April 20, 1907
The Liverpool team have given two further examples of how not to do it within the past week. Bristol City and Middlesbrough have each been entertained and, like so many others, have found New Anfield a happy hunting ground.
The pasturage has appealed wonderfully to Liverpool’s visitors this season. Neither Bristol nor Middlesbrough had previously got so much as a nibble on the old turf; nor had Manchester United. Yet all three, during April, have done capitally there.
We usually look upon this month as the time of refreshing showers. Out Anfield way it has been a period of unmistakable drought. Four home matches have been decided. Result, three defeats, and one victory – over Derby County.

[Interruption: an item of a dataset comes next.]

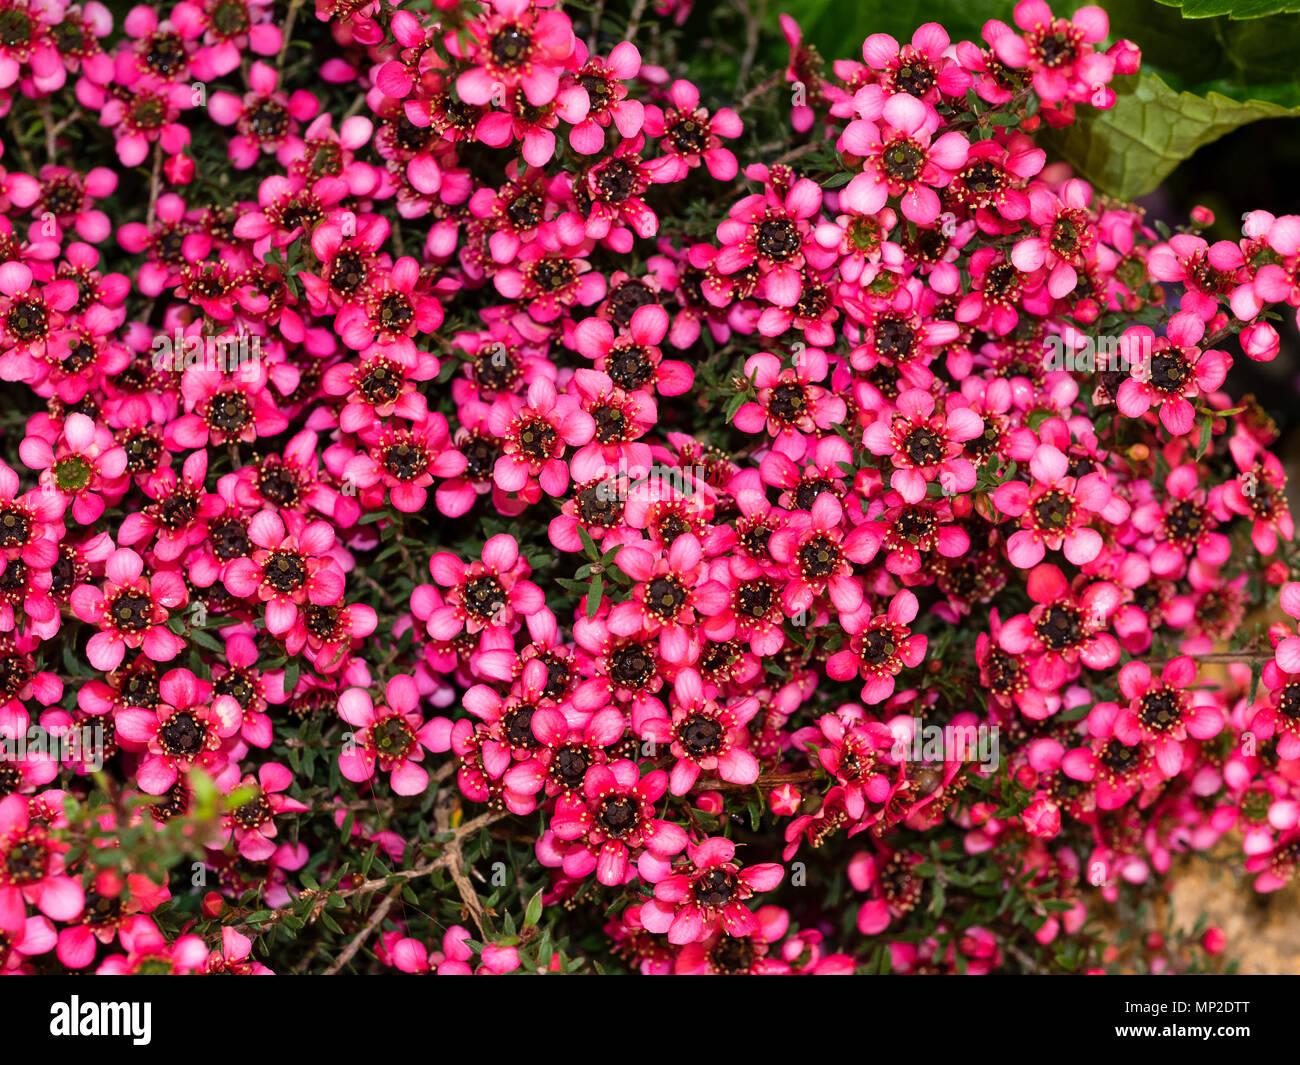 Red flowered form of the New Zealand Manuka or tea tree, Leptospermum scoparium 'Kiwi, hardy in milder climates - Stock Image

Liverpool have not experienced such a disastrous home season since the club’s formation – not even in their lowliest First League years, when relegation do Division II was the sequel. It gave one a shock on Monday to note that the Reds had lost one more home match than any other of their First Division rivals, but I never anticipated the number would be still further increased on Wednesday evening!
It seems incredible that the club which a year ago would up gallant League champions should, with practically the same team, so quickly go to pieces. And it seems equally incredible that the men who could run up such a big score against Preston, Manchester City, the Villa, and Notts a few months ago should have gone so awry subsequently.
Of the 18 matches decided at Anfield, eight have been lost, and three of these within the last three weeks to clubs with nothing desperate to strive for.
Mr. Tom Watson’s Prophetic Mantle, Wages and Profit Sharing.
This morning Liverpool had 32 points with two games in hand. Thus it is only by a mere hairsbreadth that they have cleared the danger zone, and once more the fact is forced home upon one that Mr. Tom Watson is a true prophet. “Liverpool,” he said, some time ago, “always seems to be either at the top or the bottom.”
The Liverpool Secretary had expressed a hope that at least a middle position might be granted them. But no; the players seems jealous in their guardianship of his prophetic mantle. I have heard the opinion expressed that we should not see such mediocre, vacillating work as Liverpool have shown us of late, had there been no maximum wage rule keeping all men on a deadly level, or had there been an inspiriting bonus at the end of a match well won.
But this is really a poor excuse for the quality of football which Liverpool, as a team, have served up of late. Candidly I don’t like the maximum wage rule, nor do I like the bonus system. The word “bonus” as applied to football sounds hideous. Call it something else – profit-sharing if you like!
Personally I should like to see the introduction of some such scheme as that adopted by the Yorkshire County Cricket Committee – a system of merit marks both for individual and collective performances, there to be aggregated at the end of the season, and the men then to receive the cash awards accruing from same. Still, one cannot understand £4-per-week men failing to give their very best or approximating thereto in an ordinary everyday League match.
The worst feature of Liverpool’s recent deterioration is that the club suffers, and not the players. It has choked off public patronage, and the funds in consequence have been starved just when they required feeding, in view of the heavy expenses incurred in the ground improvement scheme.
Spion Kop in all its bareness has stood up in silent protest to the players in recent games. It has been like a big uninhabited hill. Just as the necessary increased accommodation has reared its head, it seems cruel that the players should suddenly go and bury their powers. A rousing victory over Sheffield United next Saturday, and a still more cheering win against their Everton neighbours in the local Cup Final two days later would go a long way towards restoring the confidence and admiration of Liverpool’s supporters.
I don’t intend so say much about the 4-2 defeats sustained against Bristol and Middlesbrough. On the face of things the Reds’ defence has been more to blame than their attack of late. Sam Raybould had also a poor day, and Robert Blanthorne disappointed those who hoped he would shine.